Expectations of close-to-target inflation, alongside stifled economy momentum, means we remain comfortable with our below-consensus view the Official Cash Rate will fall to a low of 2.75% next year. Wednesday’s news of a more stimulatory fiscal stance (in the year to June), amid the more general deterioration in the deficit outlook, hasn’t affected this view.
It bears repeating that uncertainty around all of this remains stratospheric as we await the return of Trump to the White House in the New Year as well as some heavy-hitting local data updates. Nevertheless, and in the meantime, we continue to expect downward pressure on particularly shorter-dated mortgage rates to remain.

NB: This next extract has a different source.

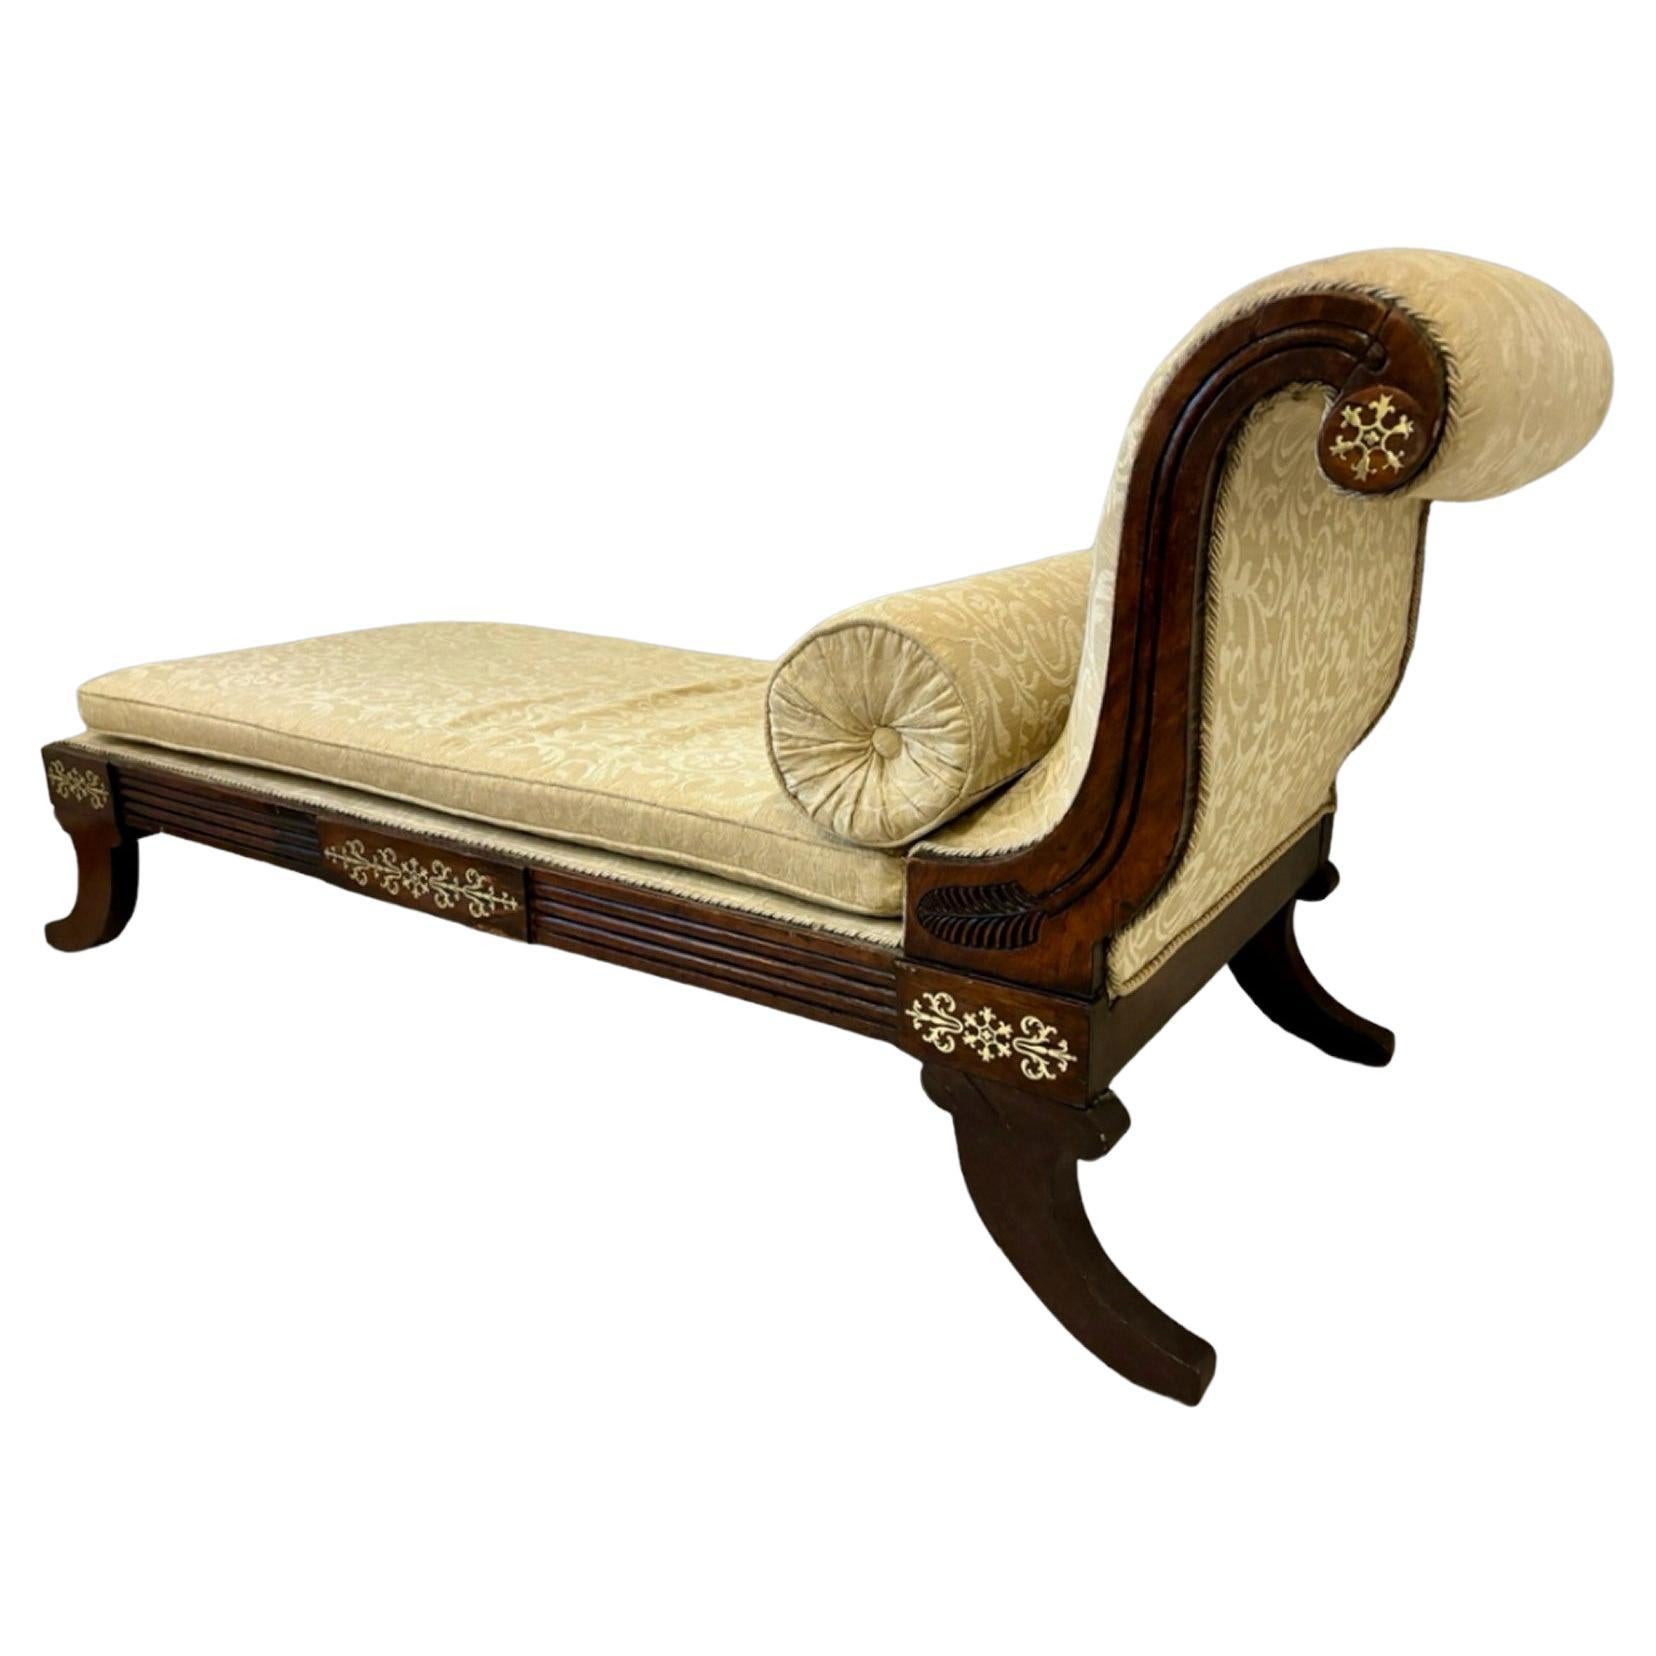 A Lovely Georgian Regency Daybed/Chaise Longue For Sale

Finally, and on a lighter note, we bid you a festive summer season in the knowledge that BBQ cost inflation remains well contained.
A cursory selection of ingredients (chart below) from the Selected Price Indices already mentioned shows a large BBQ can be laid on for a little under 3% more than this time last year*. Amongst the components we’ve included, the largest annual cost increase has been for butter (49%), while the price of onions has fallen by the most (-41%).
In the context of the steep food price increases since 2020, the estimated 14% increase in the cost of a BBQ meal over that time has notably undershot both the 24% lift in more general food prices, and the 22% increase in aggregate (CPI) consumer prices.
All the best for 2025.
*Results sensitive to preferences on ingredient selection!